Flat subduction in the Early Earth: The key role of discrete eclogitization kinetics

Abstract

Flat (shallow) subduction is mainly proposed as an Archean-Paleoproterozoic process, contributing to the growth of continental lithosphere. However, numerical models of Precambrian subduction commonly show steep subduction. Here we investigate the effects of lithology-dependent eclogitization (minor for gabbroic lower crust, strong for basaltic upper crust) of oceanic crust during subduction. We performed 2D petrological-thermomechanical modeling of subduction at potential mantle temperatures up to 250 °C warmer than present, using a numerical approach that accounts for buoyancy effects from both mantle depletion and eclogitization. The modeling reveals that increases in mantle potential temperature and the related thickness of oceanic crust and depleted mantle may induce transition to the flat subduction regime at ΔT ≥ 150 °C but only when a delayed eclogitization of gabbroic compared to basaltic crust is taken into account. Otherwise, subduction operates in the steep slab regime.

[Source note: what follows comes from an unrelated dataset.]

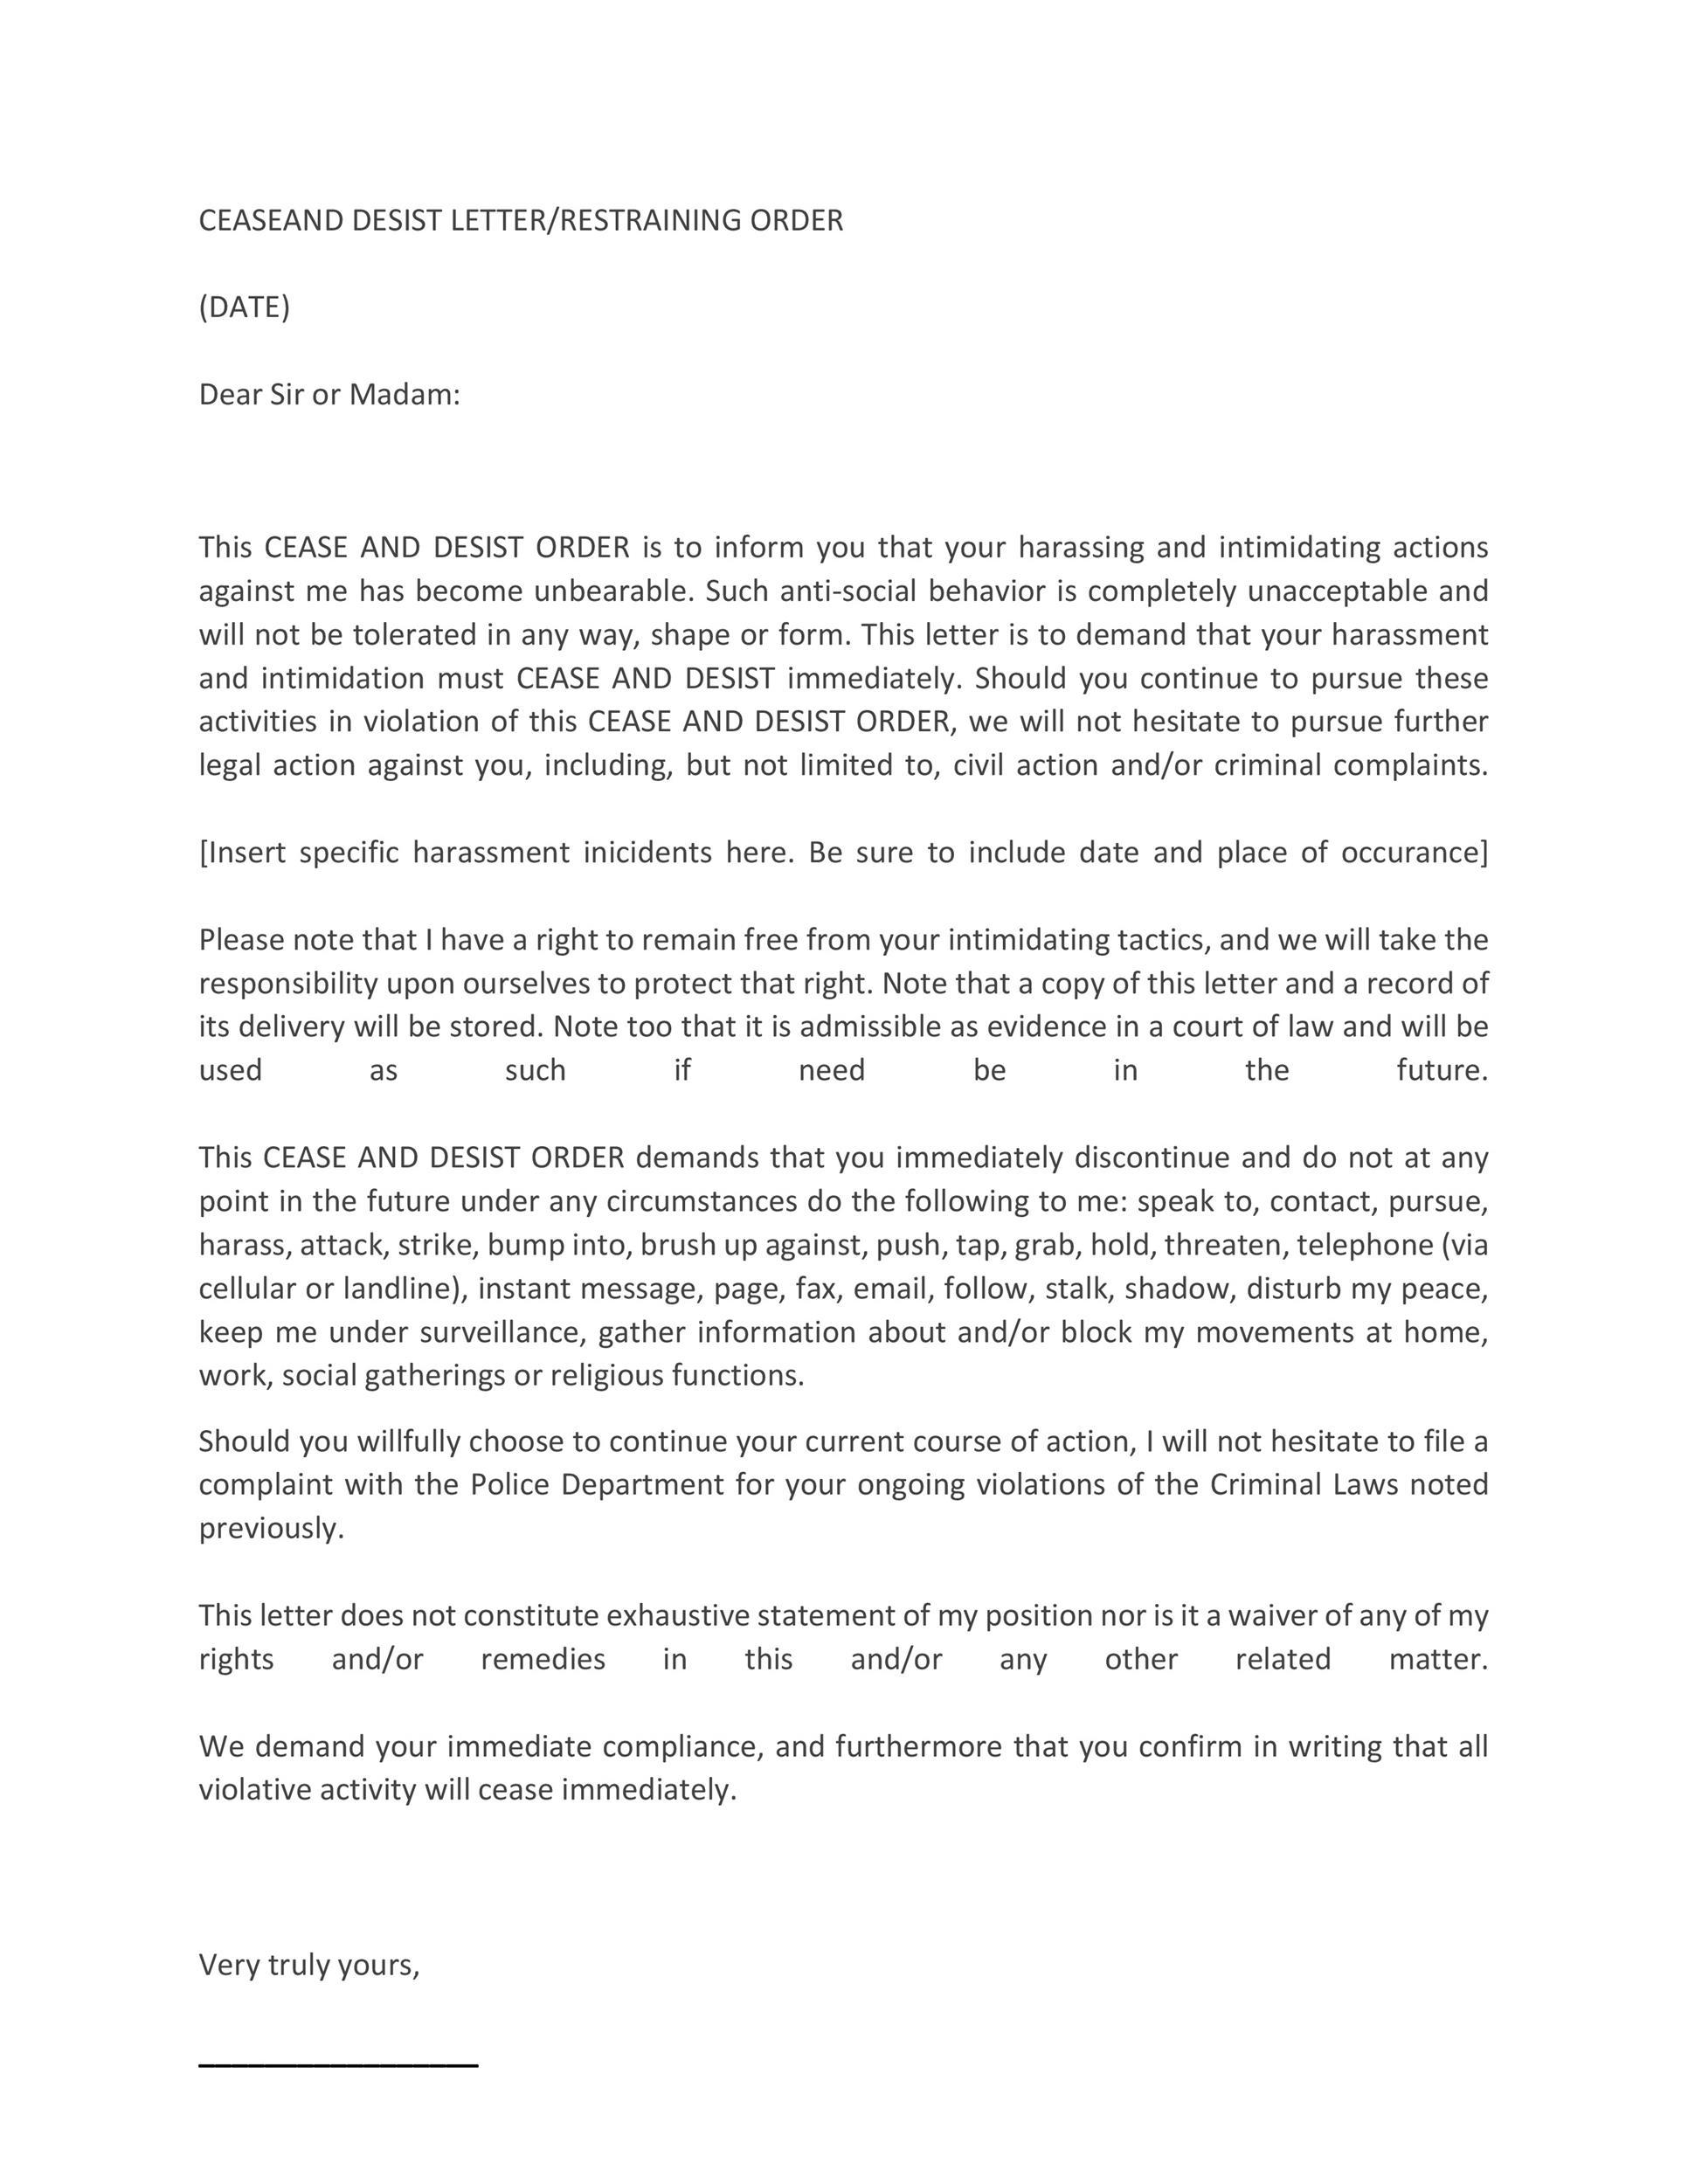 Sample Restraining Order Letter

Flat Precambrian subduction models show episodic bimodal magmatism within arcs located > 400 km from the trench, caused by short-lived (1–4 Myr) subduction transients consisting of three consecutive stages: (1) twisting downward of the eclogitized slab portion, (2) subvertical descent and break-off of this twisted portion, (3) rising of the remnant non-eclogitised slab tip and continuation of flat subduction. Limited formation of TTG-series granitoids is caused by partial melting of the subducting basaltic layer but becomes less pronounced at ΔT = 250 °C. Flat subduction produces an overthickened, layered keel-like continental mantle root, with an intermediate layer of subducted oceanic crust. However, construction of long-lived mantle keels by this mechanism might be limited by peeling off of the gradually eclogitizing oceanic crust and the underlaying mantle when plate convergence ends. At elevated mantle temperatures flat subduction produces voluminous hydration of the mantle wedge, forming a subcrustal serpentinite mélange layer that becomes a potential source of fluids in the subsequent evolution of the overlying continental crust.